Comecemos pelo vocabulário básico. Cães miúdos são diabos reles. São desses que nascem por qualquer descuido, proliferam feito praga e sobrevivem à base de qualquer oportunidade. Desprezíveis, numa palavra.
Cães miúdos nascem e vivem
como ervas. Não dessas que dão “baratos totais” ou curam tosse, não; são ervas
daninhas que se espalham graças à estúpida morte do capim. São sanguessugas,
vamps, parasitariamente mamando e matando incautos hospedeiros.
Travei contato com vários
da espécie e já fui, “pense” (detesto desse cacoete verbal), convidado e
intimado a fazer parte da legião. Pergunte-me se fui¿ Estou escrevendo aqui
para não ser parcamente lido; ao lado dos cães miúdos nem precisaria escrever.
Os cães miúdos, dentro do
seu expediente, providenciariam uma blague para me bajular, jurando uma
intimidade profunda com o apelo ventilado em meus inexistentes textos.
Insistirei sempre na
manufatura do texto, na defesa do espaço crônico que faculta ao escrevinhador
um mínimo de autonomia. Ela é a lupa que permite flagrar o cão miúdo em sua
mais expressiva pantomima. A oração que permite afastar os cães de toda ordem.
Os cães miúdos estão por
aí travestidos em jogadores de pelada, operários medianos, grumetes e
servidores temporariamente compondo a base do serviço público ou ASPONES de um
secretario qualquer.

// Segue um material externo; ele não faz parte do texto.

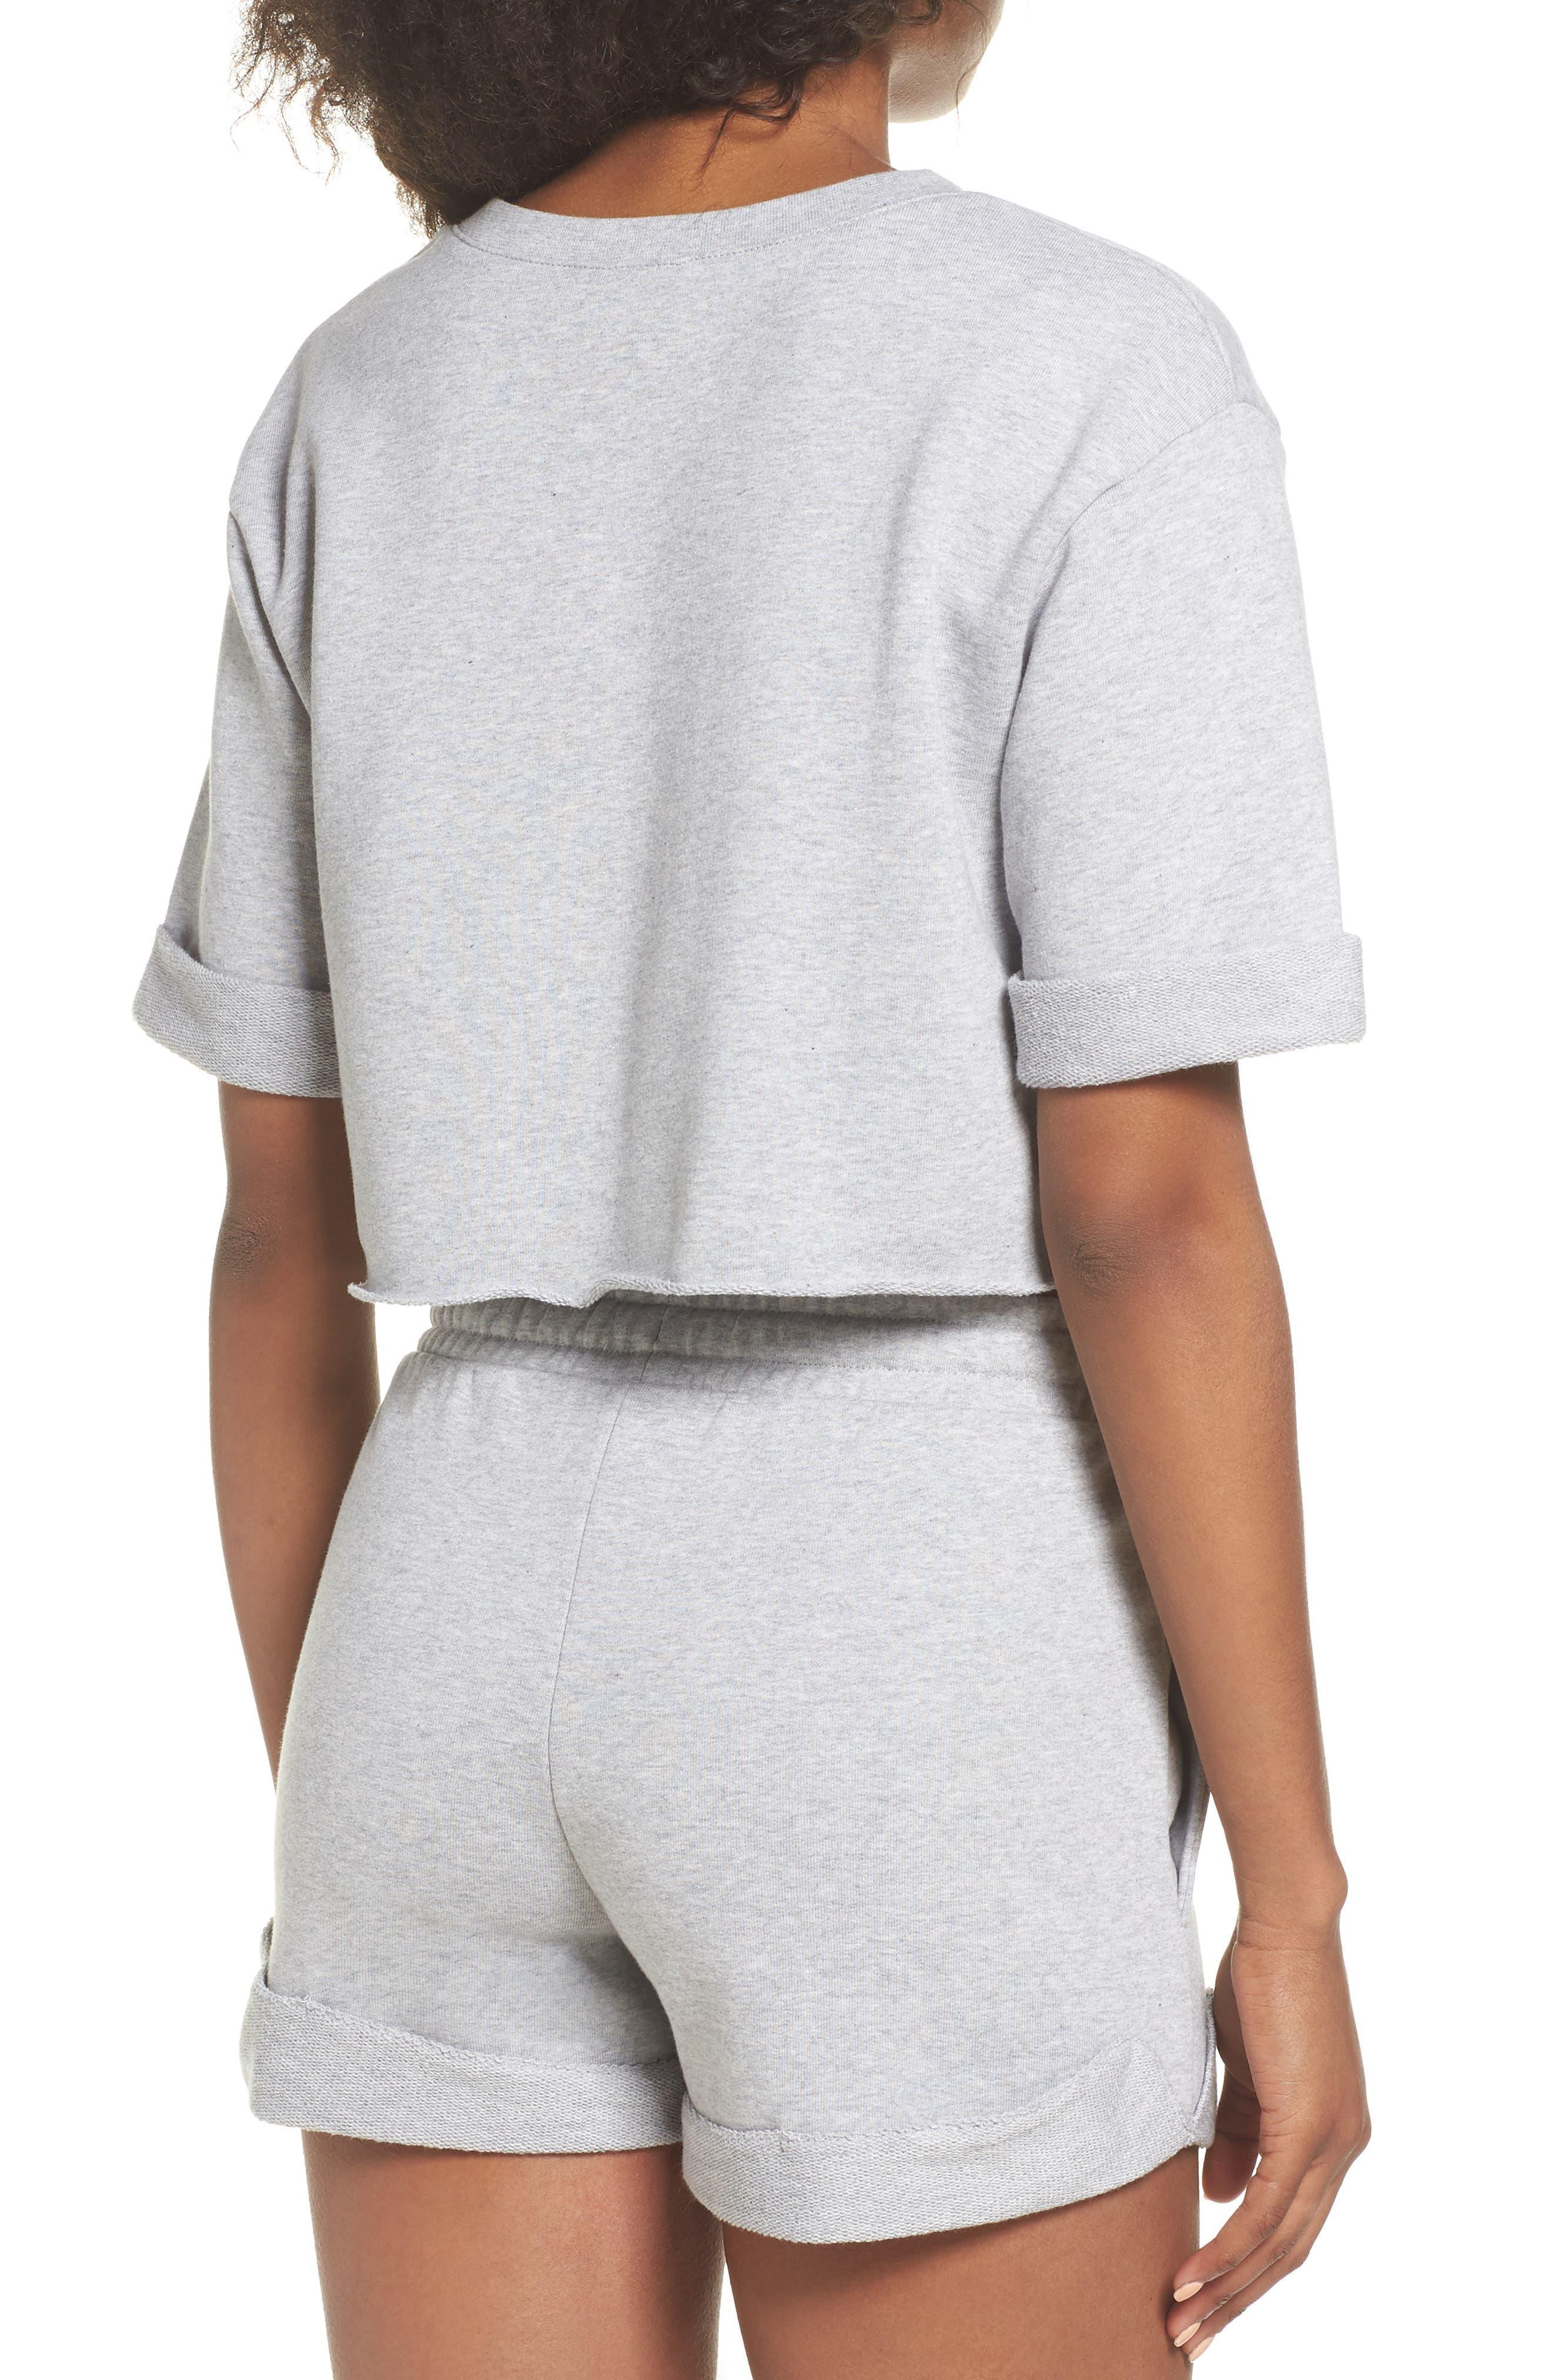 French Terry Crop Sweatshirt,                             Alternate thumbnail 2, color,                             Light Grey Marl

Tem por expediente ofícios caídos no anedotário popular.
São os baba-ovos, cheleléus, puxa-sacos, chaleiras, bajuladores, lisonjeadores,
mantegueiros e lambe botas.
Quando os anjinhos do
tempo em que vivemos saem às ruas e pedem intervenção militar, volta da ditadura
e assombrices parecidas nada mais querem que seus lugares de cães miúdos num
possível novo sistema. Uma legião de dedos duros iria, caso a turma da pesada
assumisse o poder, se espalhar por aí.
A democracia é o inferno
dos cães miúdos porque nelas eles não se criam, dito melhor, ate procriam feito
peste, mas são abortados instantaneamente. Aos primeiros voos, não conseguem
camuflar a desfaçatez, o oportunismo e a canastrice de suas ambições.
Os cães miúdos necessitam
de ambientes que lhes facultem poderes e não se lhes questionem, mesmo nas decisões
mais estapafúrdias.
O cão miúdo quer, ao final,
foder alguém em nome de seu status. O cão miúdo que aqui evoco está bem retratado
no filme Ojuara – O homem que desafiou o diabo (Brasil, 2017). Uma ser
que pode até ter uma personalidade e uma aparência sociável mas, ao fundo, são
compostos de pedaços desconexos que jamais se juntarão numa fôrma harmônica,
num comportamento social digno e mentalidade aceitável.